Aggen also recounted the findings of the phase 3 CheckMate901 study (NCT03036098), which was the basis for the FDA approval of nivolumab plus cisplatin and gemcitabine in the frontline setting.3 Here, the median overall survival (OS) with the nivolumab plus chemotherapy combination was 21.7 months (95% CI, 18.6-26.4) vs 18.9 months (95% CI, 14.7-22.4) with chemotherapy, demonstrating a 22% reduction in the risk of death (HR, 0.78; 95% CI, 0.63- 0.96).
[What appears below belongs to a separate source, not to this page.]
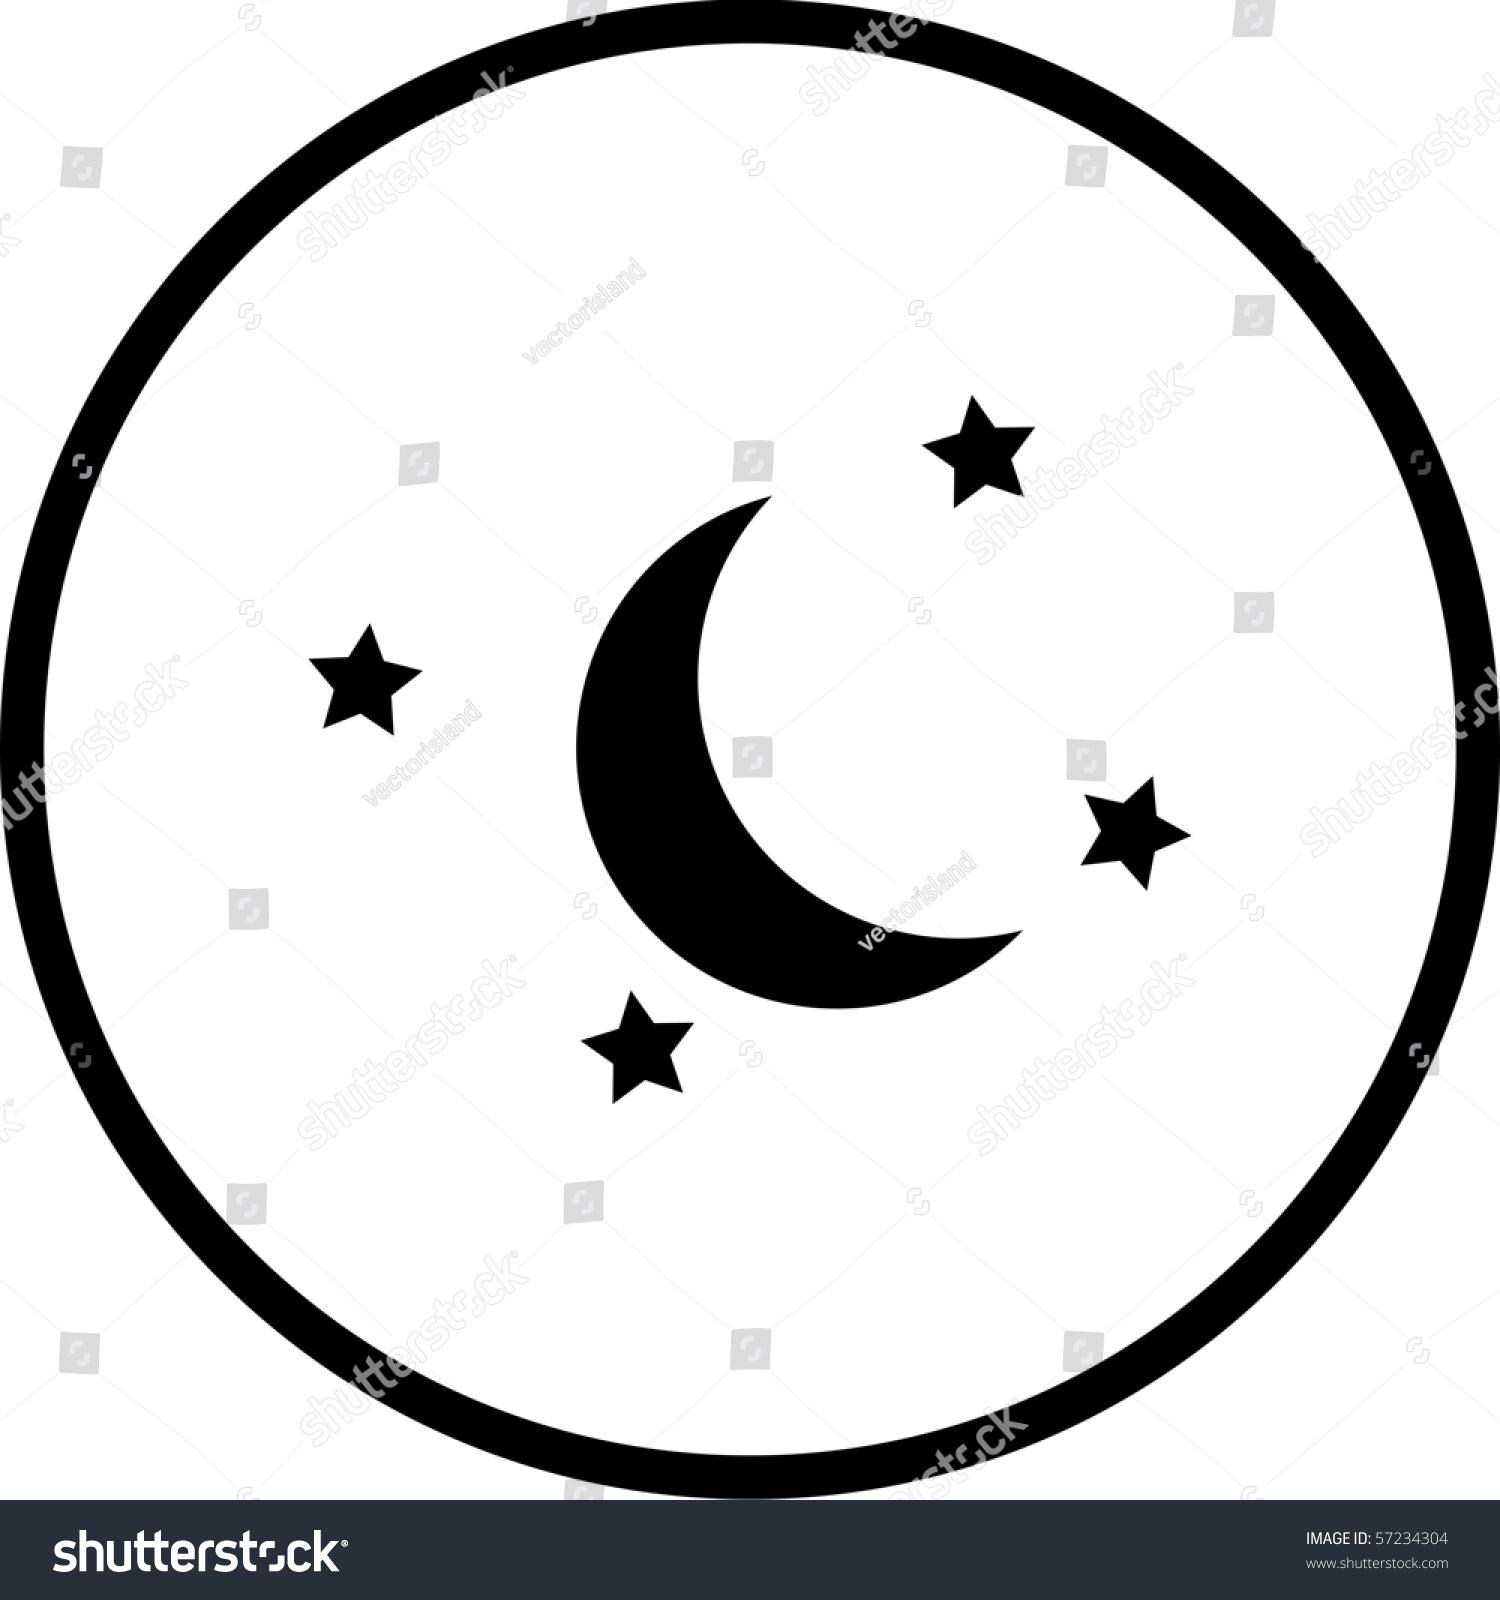 Moon Stars Symbol Stock Illustration 57234304 Shutterstock
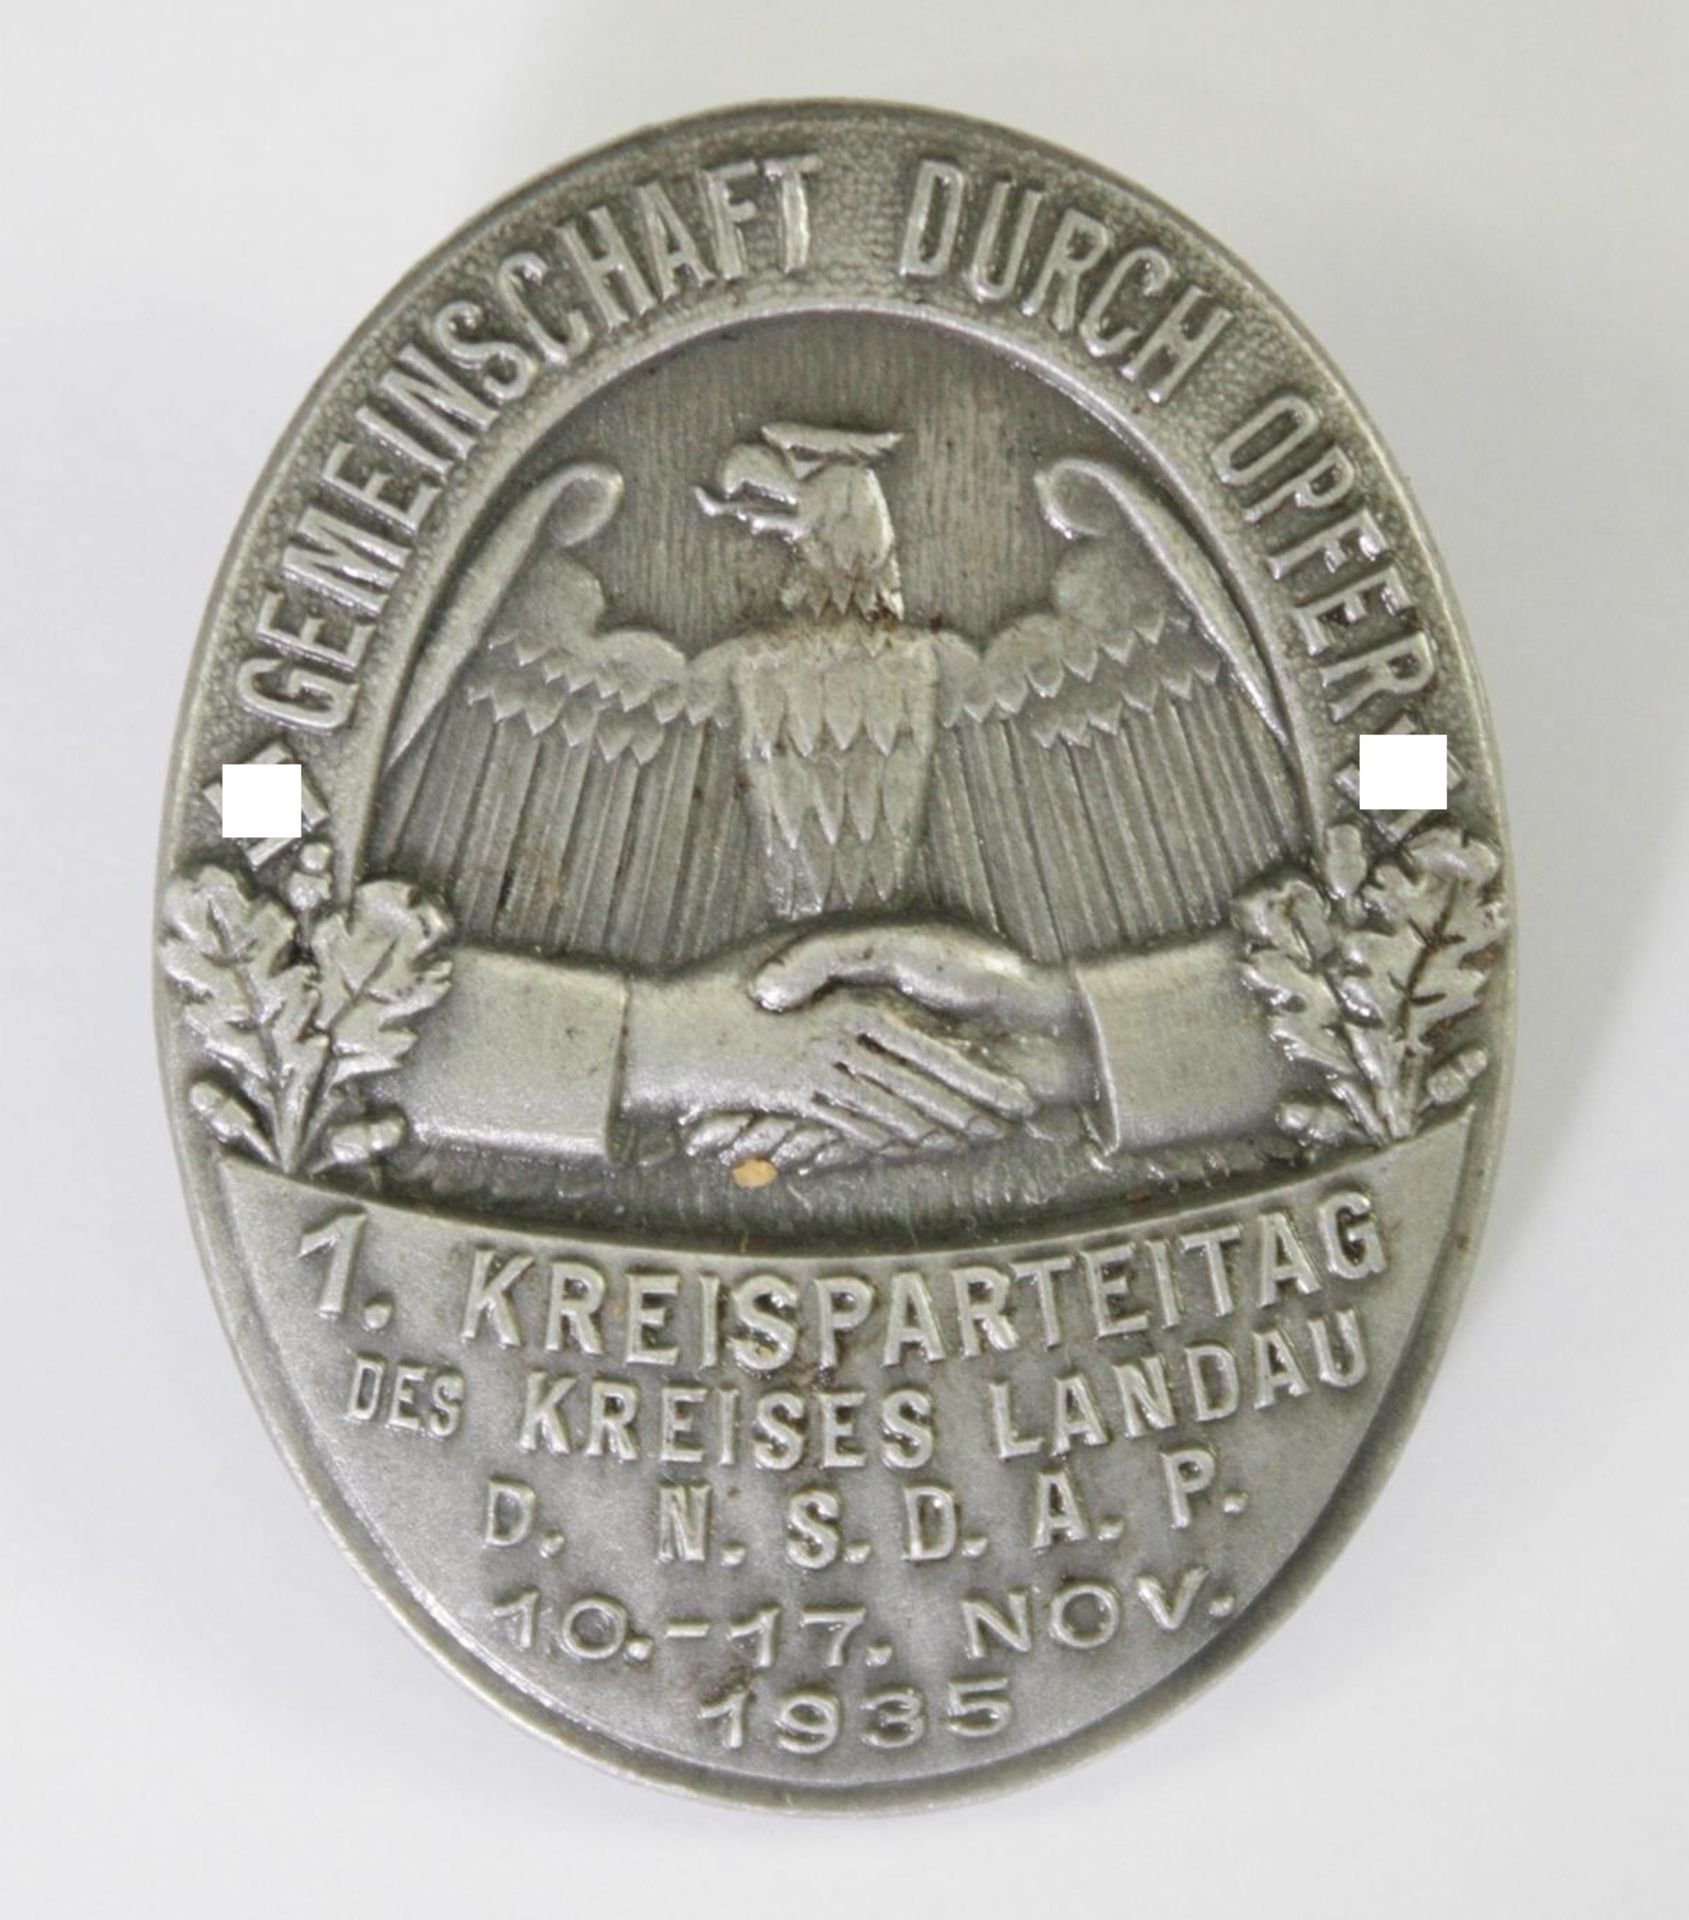 Abzeichen, 1. Kreisparteitag des Kreises Landau d. NSDAP 1935

The median progression-free survival (PFS) with nivolumab and chemotherapy was 7.9 months (95% CI, 7.6-9.5) and was 7.6 months (95% CI, 6.0-7.8) with chemotherapy alone (HR, 0.72; 95% CI, 0.59-0.88).
In addition, the objective response rate from nivolumab plus chemotherapy was 57.6% (95% CI, 51.8%-63.2%) vs 43.1% (95% CI, 37.5%-48.9%) with chemotherapy.
Discussing the current treatment paradigm for frontline treatment of metastatic urothelial carcinoma, Aggen said that most patients in the US are receiving treatment with enfortumab vedotin plus pembrolizumab, and upon progression are moving to erdafitinib (Balversa) if they have FGFR- mutated disease, to fam-trastuzumab deruxtecan-nxki (Enhertu) if their disease is HER2 3+, or to platinum-based chemotherapy. “There are not really data at the moment to guide which is best in terms of overall survival,” he said.
Regarding current research, Aggen noted examples such as the phase I Double Antibody Drug Conjugate trial (DAD; NCT04724018), which is evaluating sacituzumab govitecan-hziy (Trodelvy) and enfortumab vedotin in patients with treatment-resistant metastatic urothelial cancer, and its currently enrolling phase I/ II extension, DAD-IO, which is examining combinations of sacituzumab govitecan plus enfortumab vedotin and pembrolizumab for patients with metastatic urothelial carcinoma.4
Of note, it was announced in October 2024 that manufacturer Gilead Sciences had voluntarily withdrawn the FDA’s accelerated approval of sacituzumab govitecan for the treatment of patients with locally advanced or metastatic urothelial cancer previously treated with platinum-containing chemotherapy and either a PD-1 or PD-L1 inhibitor.5
“[Enfortumab vedotin] plus [pembrolizumab] is approved regardless of platinum eligibility, based on unprecedented PFS and OS benefits. Nivolumab plus [gemcitabine and cisplatin] is also approved for [cisplatin]-platinum eligible patients. And for patients ineligible for platinum, pembrolizumab, monotherapy is a standard of care. We really need more biomarker work from these large phase 3 studies to guide treatment selection. I think future trials now are just beginning to build on [enfortumab vedotin] plus [pembrolizumab] as the treatment backbone.”